Rugby union in Honduras is a growing sport.

==History==
===Clubs===
The first two teams started physical training in 2012. the first recorded 15 a side games were played in La Esperanza on 3 August 2013 Between Pirates RC (Roatan) and Lenca La Esperanza) resulting in a victory for Pirates 8–3 and Pirates RC vs Combined (Tegucigalpa and Lenca) resulting in a 63–5 victory for Pirates.

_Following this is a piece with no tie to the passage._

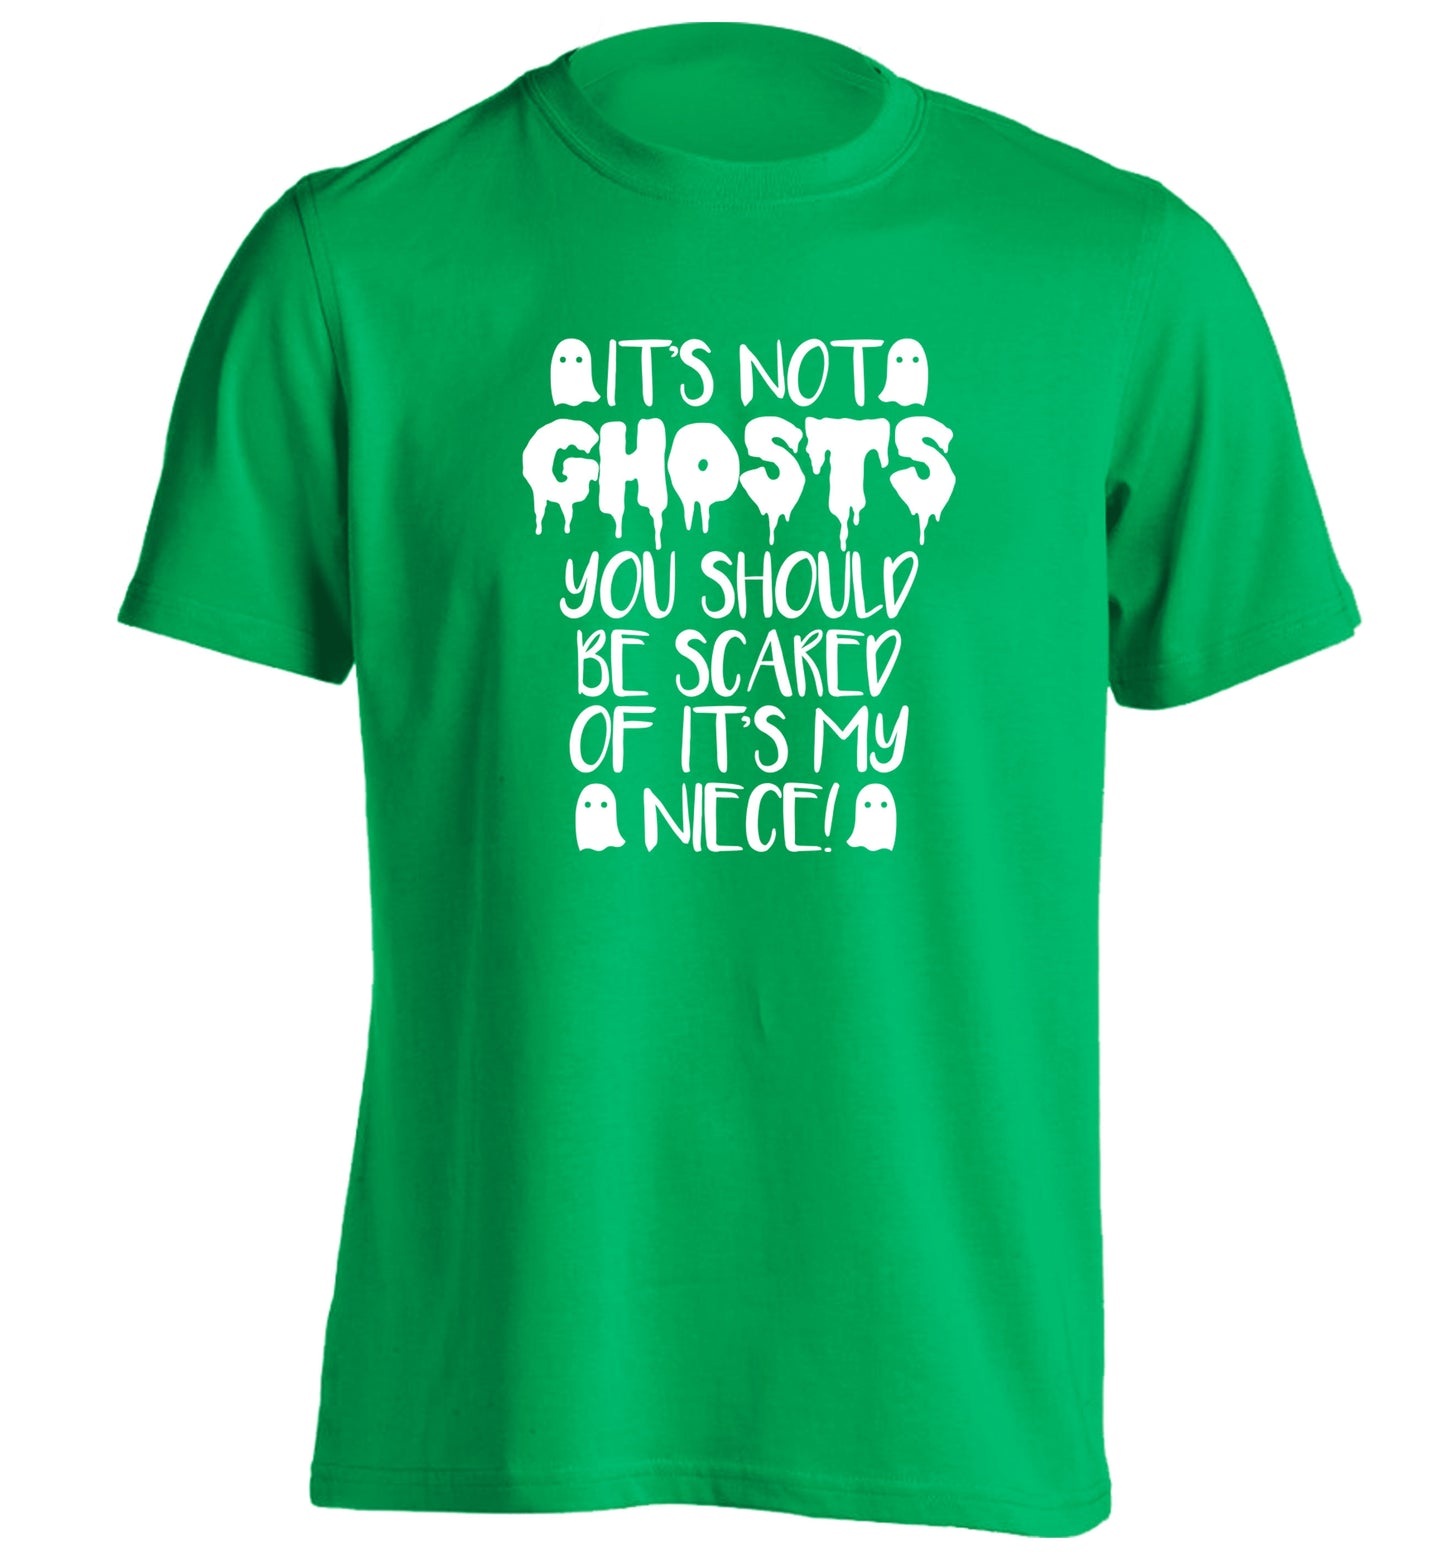 It's not ghosts you should be scared of it's my niece! adults unisex green Tshirt 2XL
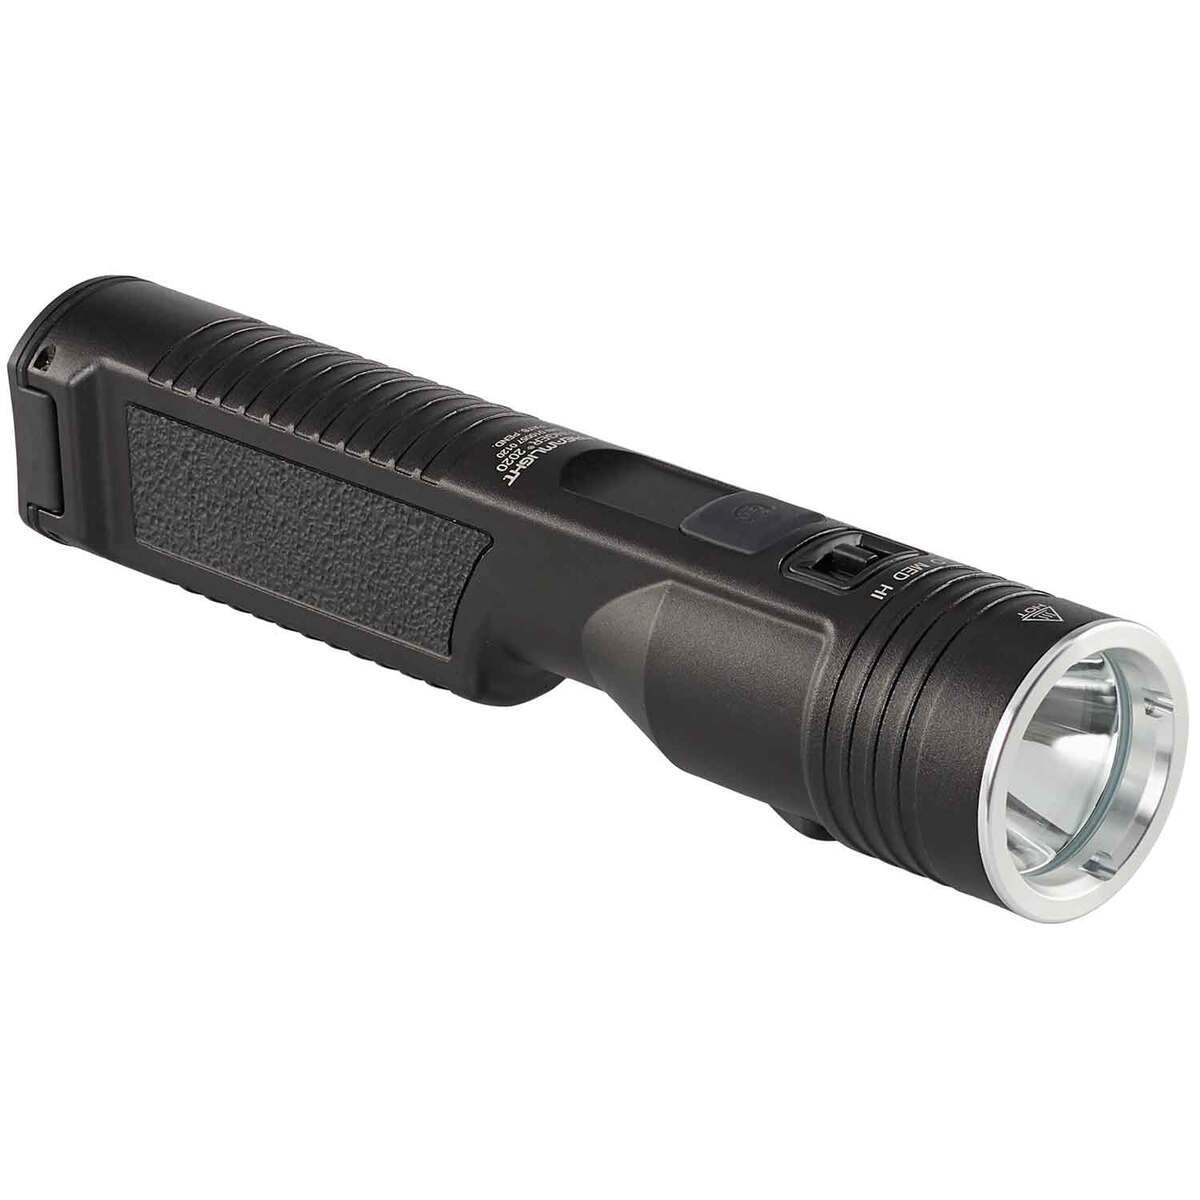 6 PACK Tactical Mini LED Flashlight single AA battery 300 Lumen Survival  Camping Light - Red, Black and Camo

Rugby Tegucigalpa Honduras

The rugby club in Tegucigalpa was formed in January 2012 and trains at Villa Olimpica in Tegucigalpa. They played their first match against another team in the Granada Sevens tournament in Nicaragua in March 2013. They were the first Honduran club to play a competitive match outside Honduras.

Lenca Rugby Honduras

Lenca Rugby was formed as a La Esperanza-based offshoot of the Rugby Honduras program which was started in 2010 and whose Facebook page and website later became that of the national rugby federation. The name Lenca Rugby was coined in 2012 and represents the indigenous Lenca people who populate that area of Honduras. They originally practiced in Barrio El Tejar and were the first club in Honduras to have rugby posts on their pitch suitable for kicking conversions and penalties. In 2013 Lenca Rugby began receiving help from a company called CISA who provided logistics, coaching, equipment and players. They played in the first recorded Honduran 15 a side game in a home game against Roatan Pirates in August 2013.

Pirates Rugby Club, Roatan, Honduras

Pirates Rugby Club are based on the Honduran Island of Roatan. They are coached by Matthew Harper (South Africa). They train 3 times a week at the RECO (roatan electric company) field and play on the Kix field in Coxenhole. Pirates rugby club competed in the regional sevens tournament (Gruas Industriales Torneo) in Guatemala City on 7 September reaching the quarter-finals and beating Santa Rosa Rugby Club (Guatemala) 26 - 0 and in the semifinals (Copa Bronce) losing narrowly in the last minute to the Nicaraguan team by 12–10.

Maddogz Rugby Club, El Mochito, Santa Barbara, Honduras
Maddogz was formed in 2013 by Canadian Jerry Boucher and the majority of players are miners in the El Mochito mine.

other teams
In 2014 2 other teams initiated training on a regular basis in San Pedro Sula and West End in Roatan.

2014 highlights
In February 2014 a 15 a side tournament was held at the Escuela Internacional Sampedrana with the participation of teams from Tegucigalpa (Tapires ), La Esperanza (Lenca ), El Mochito (Maddogz) and Pirates Rugby Club who won the tournament unbeaten with Tegucigalpa in second place. CONSUR referees Ricardo Leon and Carlos Paz from Guatemala presided.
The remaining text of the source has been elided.